WASHINGTON — A forceful lobbying effort by Roman Catholic bishops is being credited with the restriction on abortion coverage that was added late Saturday to the healthcare bill passed by the House.
The provision would block the use of federal subsidies for insurance that covers elective abortions, according to The New York Times.
The provision would apply only to insurance policies purchased with the federal subsidies that the health legislation would create to help low- and middle-income people. It would also apply to policies sold by a government-run insurance plan that would be created by the legislation.
But this is a large segment of the population. The subsidized market would be large because anyone earning less than $88,000 for a family of four — four times the poverty level — would be eligible for a subsidy under the House bill.
The bishops’ role was especially pivotal in part because many Democrats had expected them to be an ally, the Times reported. They had pushed for decades for universal health insurance.
“We think that providing healthcare is itself a pro-life thing, and we think that, by and large, providing better health coverage to women could reduce abortions,” said Richard M. Doerflinger, a spokesman for the anti-abortion division of the United States Conference of Catholic Bishops.

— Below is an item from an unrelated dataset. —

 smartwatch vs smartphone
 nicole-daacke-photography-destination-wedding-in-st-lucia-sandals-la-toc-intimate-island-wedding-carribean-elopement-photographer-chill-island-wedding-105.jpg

“But we don’t make these decisions statistically, and to get to that good we cannot do something seriously evil.”
The bishops began issuing a series of increasingly stern letters in July to lawmakers making clear that they saw the abortion-financing issue as pre-eminent, a deal-breaker.
At the funeral of Senator Edward M. Kennedy in August, Cardinal Seán O’Malley, the archbishop of Boston, stole a private moment with Mr. Obama to deliver the same warning: The bishops very much wanted to support his healthcare overhaul but not if it provided for abortions. The president “listened intently,” the cardinal reported on his blog.
The letters were backed by bishops who implored priests and parishioners to also call lawmakers. The criteria set by the bishops pushed conservative Democrats negotiating over the issue with party leaders. On Oct. 8 three members of the bishops conference wrote on its behalf to lawmakers, “If the final legislation does not meet our principles, we will have no choice but to oppose the bill.”